Former Trump adviser Steve Bannon will be sentenced on Friday after a federal jury found him guilty of contempt of Congress in July for defying a subpoena from the House select committee investigating the Jan. 6 attack.
Federal prosecutors want Bannon be sentenced to six months in prison and be fined $200,000 — harsher than the minimum sentence of 30 days in jail, according to federal law. Bannon is seeking probation and is asking for the sentencing to be delayed pending his appeal.
Here are the key things to know about the case and conviction:
The verdict: After nearly two days of hearing evidence and witness testimony, the jury reached a unanimous verdict on the two contempt charges in less than three hours.
Bannon smiled as the verdict was read, looking back and forth between the courtroom deputy and the foreperson. Bannon’s team did not mount a defense during the trial, and he did not take the stand. Speaking to reporters after the conviction, his attorney David Schoen said they planned to appeal the verdict, calling it a “bullet-proof appeal.”
In a Justice Department news release touting the conviction, the US Attorney for the District of Columbia Matthew Graves said that the “subpoena to Stephen Bannon was not an invitation that could be rejected or ignored.”
Why the conviction matters: It was a victory for the House Jan. 6 select committee as it continues to seek the cooperation of reluctant witnesses in its historic investigation.

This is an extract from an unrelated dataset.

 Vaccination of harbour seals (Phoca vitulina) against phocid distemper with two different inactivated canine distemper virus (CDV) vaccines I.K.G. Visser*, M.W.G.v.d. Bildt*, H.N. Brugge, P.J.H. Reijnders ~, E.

It was also a victory for the Justice Department, which is under intense scrutiny for its approach to matters related to the Jan. 6 attack.

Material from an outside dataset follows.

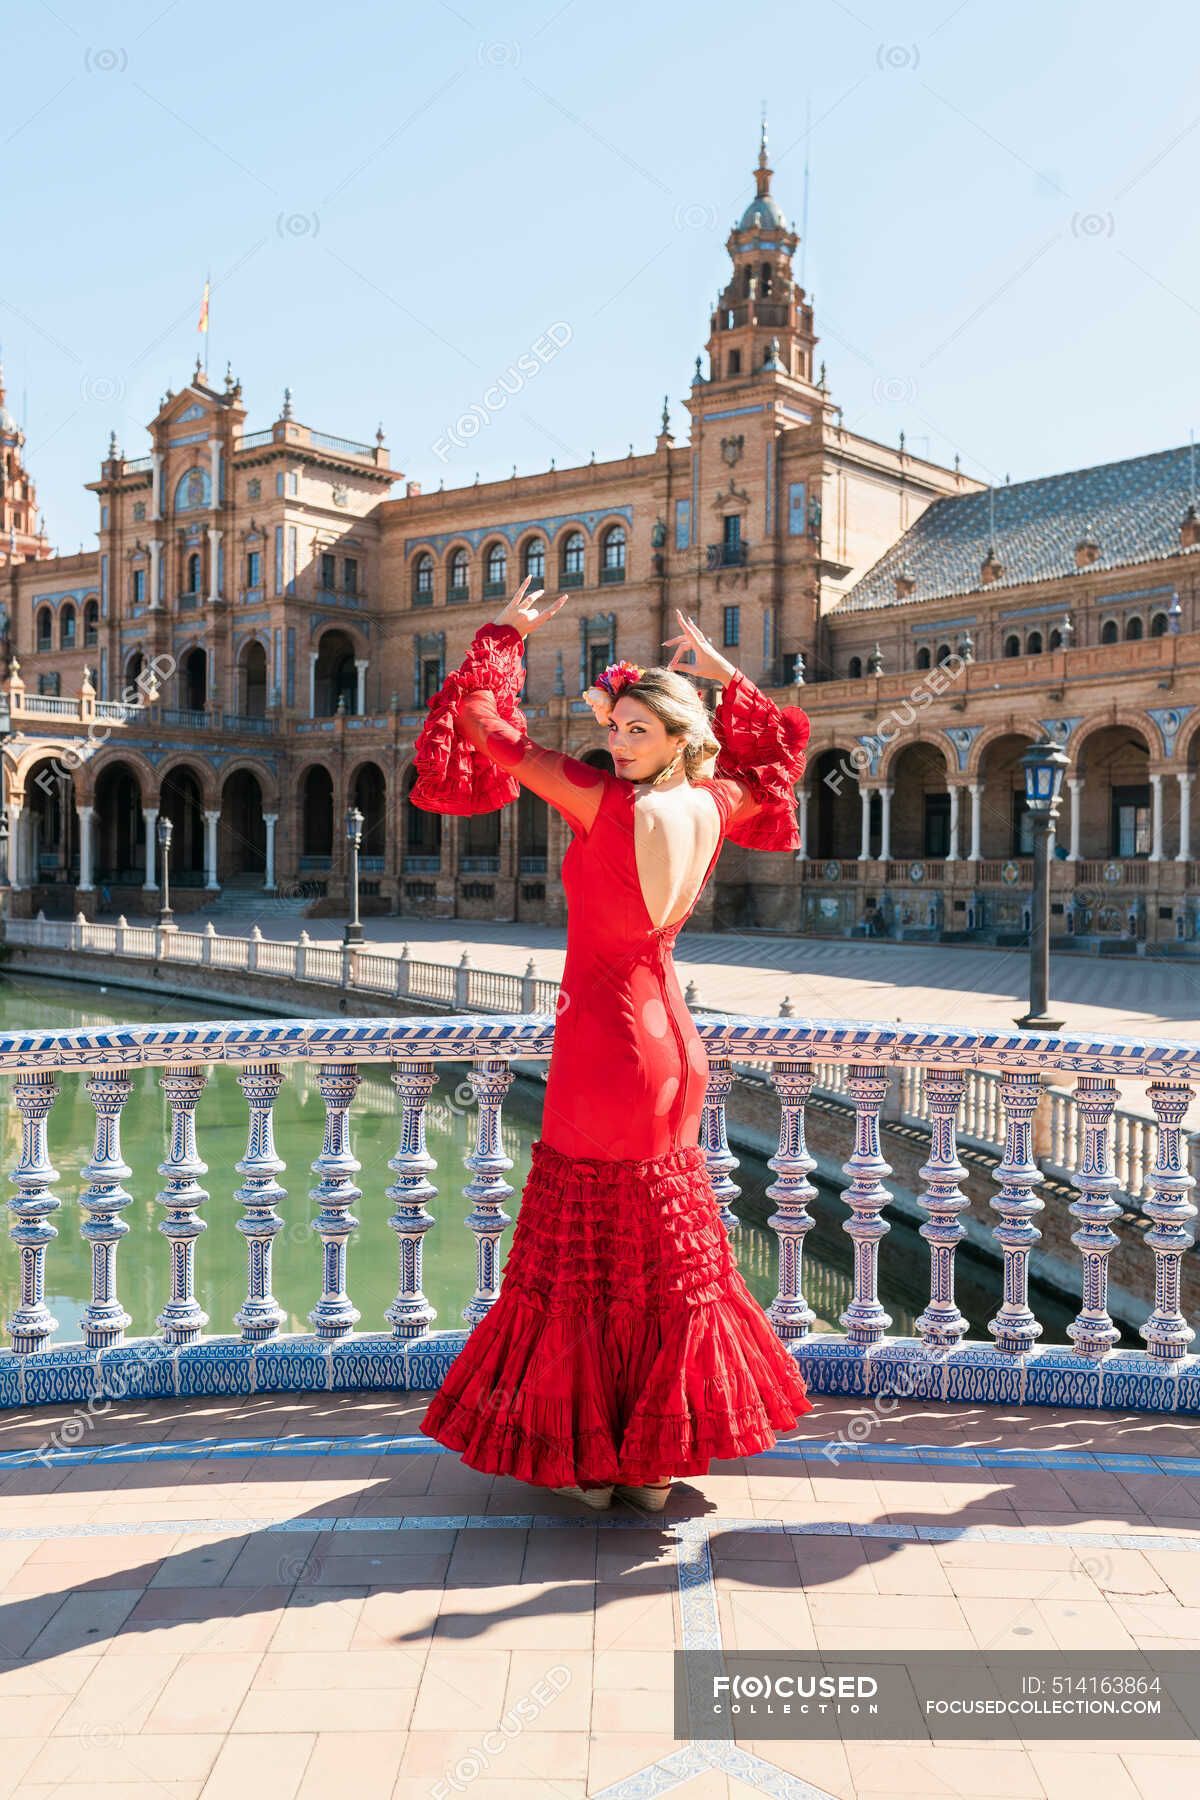 female-flamenco-dancer-dancing-with-hands-raised-at-plaza-de-espana-in

Bannon is one of two uncooperative Jan. 6 committee witnesses to be charged so far by the Justice Department for contempt of Congress. Trump White House adviser Peter Navarro was indicted by a grand jury last month for not complying with a committee subpoena and has pleaded not guilty.

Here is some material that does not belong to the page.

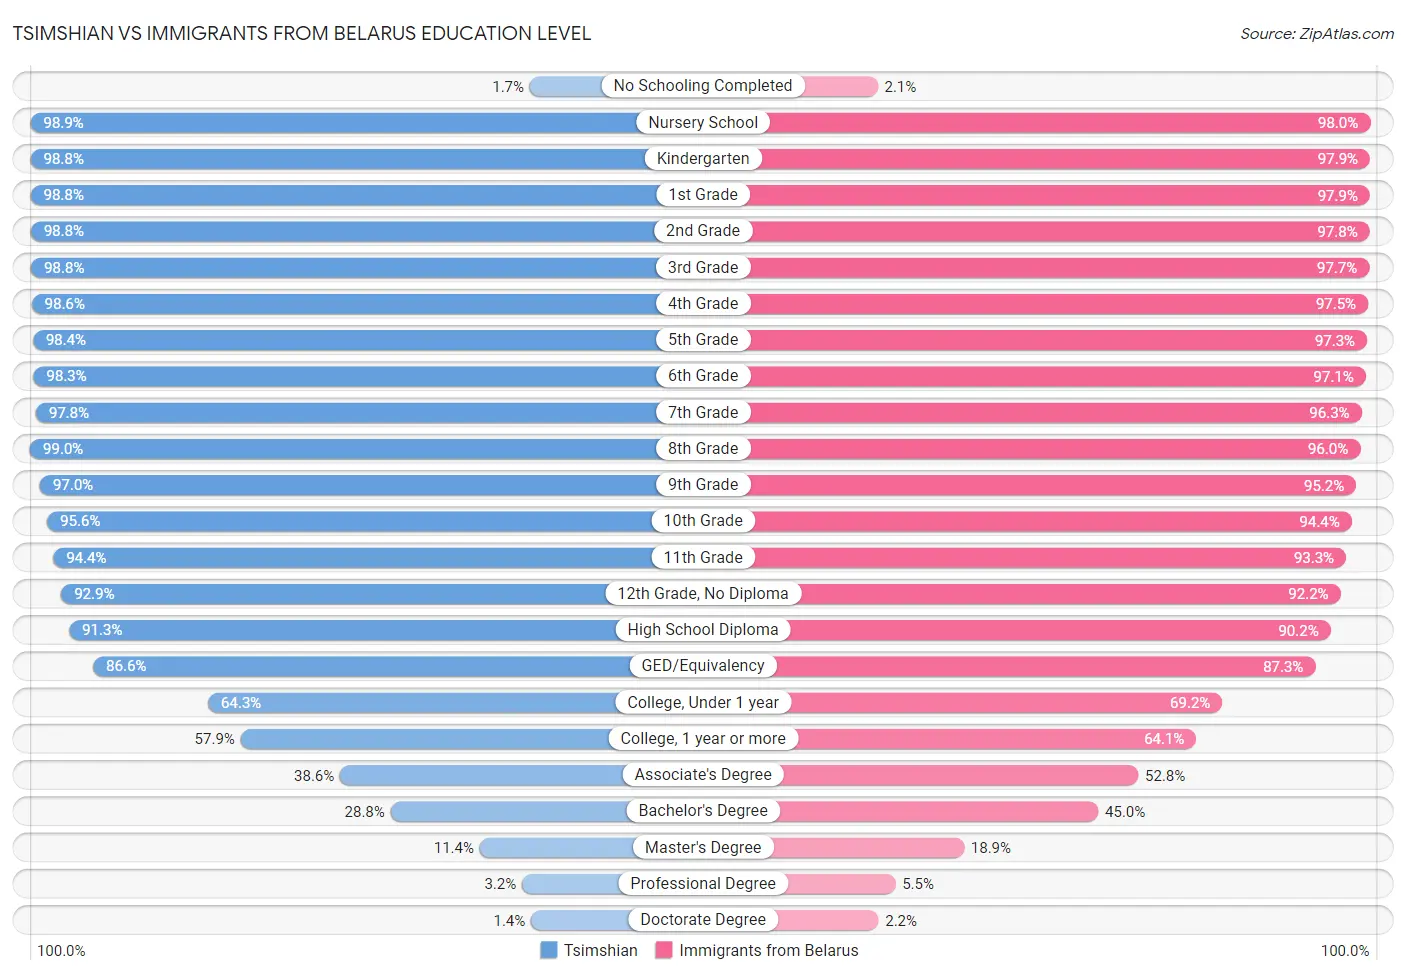 Tsimshian vs Immigrants from Belarus Education Level

Why the committee wanted Bannon’s cooperation: In demanding his cooperation, the committee pointed to Bannon’s contacts with Trump in the lead-up to the Capitol assault, his presence in the so-called war room of Trump allies at the Willard Hotel in Washington the day before the riot, and a prediction he made on his podcast before the riot that “all hell” was going to “break loose.”
The role of executive privilege in the case: When the House committee was demanding his cooperation, Bannon’s lawyer claimed that Trump’s stated assertions of executive privilege prevented Bannon from testifying or producing arguments — an argument the committee roundly rejected. Lawmakers noted that Bannon had for years not been a government official and pointed to their interest in topic areas not involving conversations with Trump.
At the trial, however, Bannon’s arguments about executive privilege were not a central focus — even as his lawyers found ways to bring attention to the issue. They did so in the face of rulings from the judge deeming it largely irrelevant, under appellate precedent, to the elements of the contempt crime.